What can art education teach us about NURTURING Rigor, creativity, and collaboration?

While many schools espouse a desire to nurture creativity and experimentation, rarely do we look to learning communities that have a long history of putting these skills at the forefront.

In October, we’ll dig into three essential practices that are unique to art schools. We’ll explore how these methods can inspire non-art educators to reimagine rigor, creativity and collaboration:

  • Wildly creative assignments that are designed to spark the imagination rather than elicit right answers

  • Group critique, where every student in an art studio responds to each others’ work in conversation

  • PD for artists: When art students learn to become art educators, their approach to professional learning is very different from what most of us recognize as PD.

Register below with a sponsorship code or via sliding scale pricing that begins at $25. (Note: the sliding scale is an intentional effort to make inspiration as accessible as possible and to distribute resources equitably between organizations we work with.)

Guests

  • DRAW IT WITH YOUR EYES CLOSED: THE ART OF THE ART ASSIGNMENT (with Dushko Petrovich)

    Draw It with Your Eyes Closed: the Art of the Art Assignment is a unique and wide-ranging anthology featuring essays, drawings, and assignments from over 100 contributors. We’ll be joined by the editor of Draw It With Your Eyes Closed, Dushko Petrovich, who will help us explore the unique nature of art assignments.

    “The art assignment can resemble a riddle as much as a recipe, and often sounds more like a haiku, or even a joke, than a clear directive.
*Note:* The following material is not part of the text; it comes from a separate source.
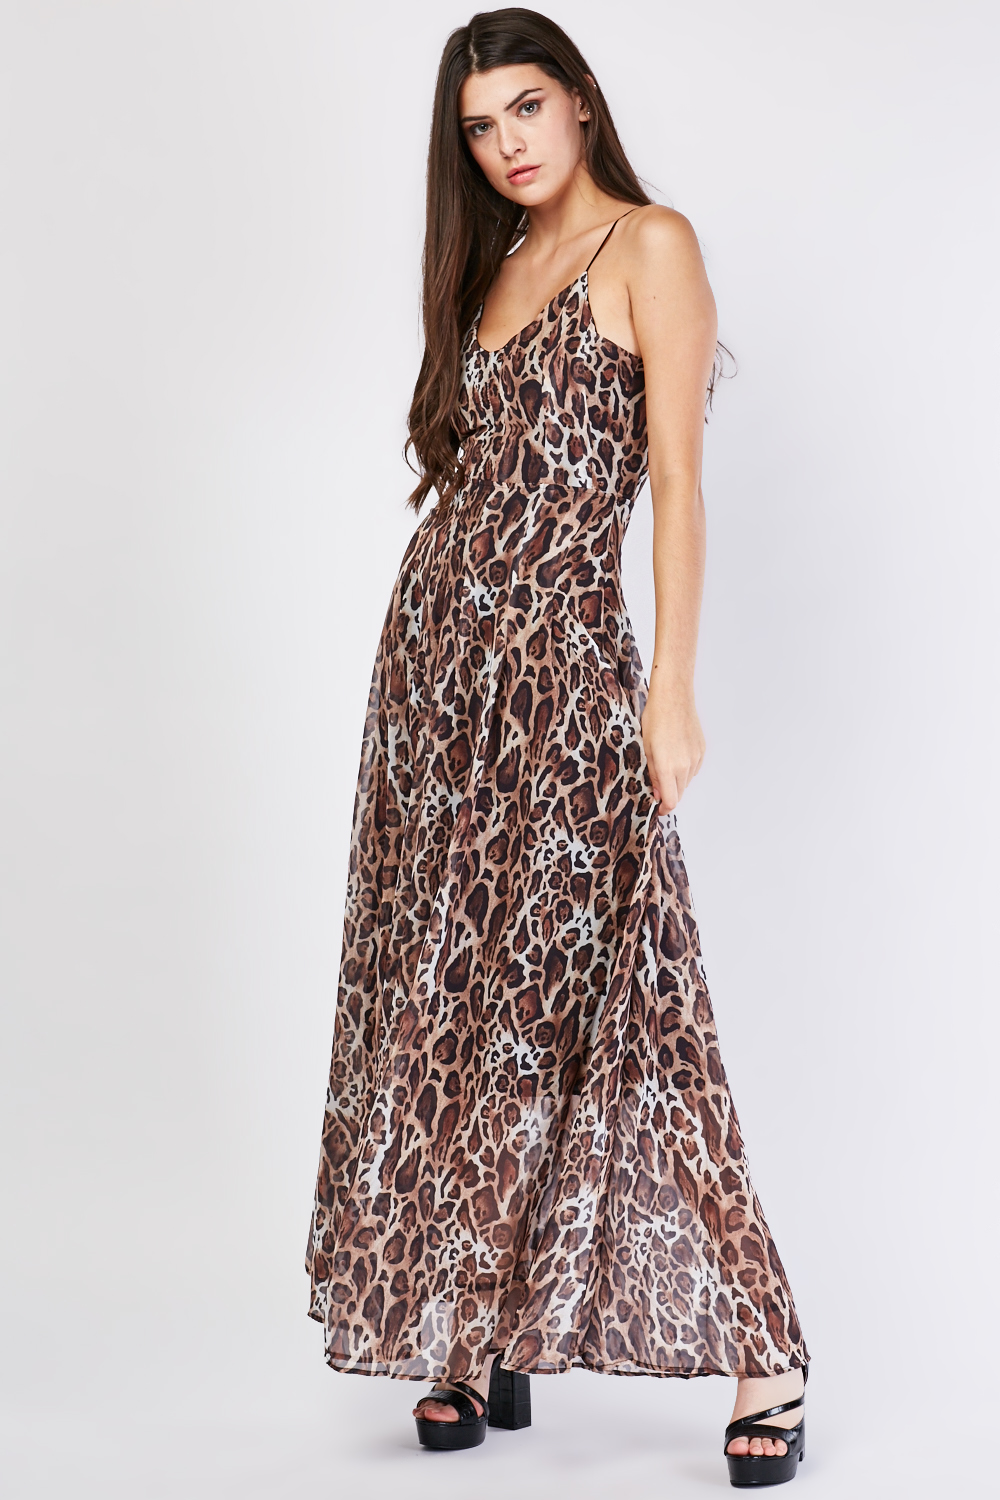 Leopard Print Sheer Maxi Dress - Just $6

From introductory exercises in perspective drawing to graduate-level experiments in societal transformation, the assignment coalesces ideas about what art is, how it should be taught, and what larger purpose it might, or might not, serve.”

  • RISD Black Artists And Designers (B.A.A.D.)

    RISD B.A.A.D. is a student-led creative community informing and promoting Blackness and its intersections at the Rhode Island School of Design.

    Sylvia Rodriguez of B.A.A.D. will join the Inspiration Project to talk about the practice of group critique in art schools: its advantages, hazards, and potential for K-12 classrooms.

    RISD B.A.A.D. will also respond to a film called The Room of Silence, which comments on race, marginalization and identity at RISD – particularly in critique spaces.

  • PD for artists: reimagining professional learning (with Jess Hamlin)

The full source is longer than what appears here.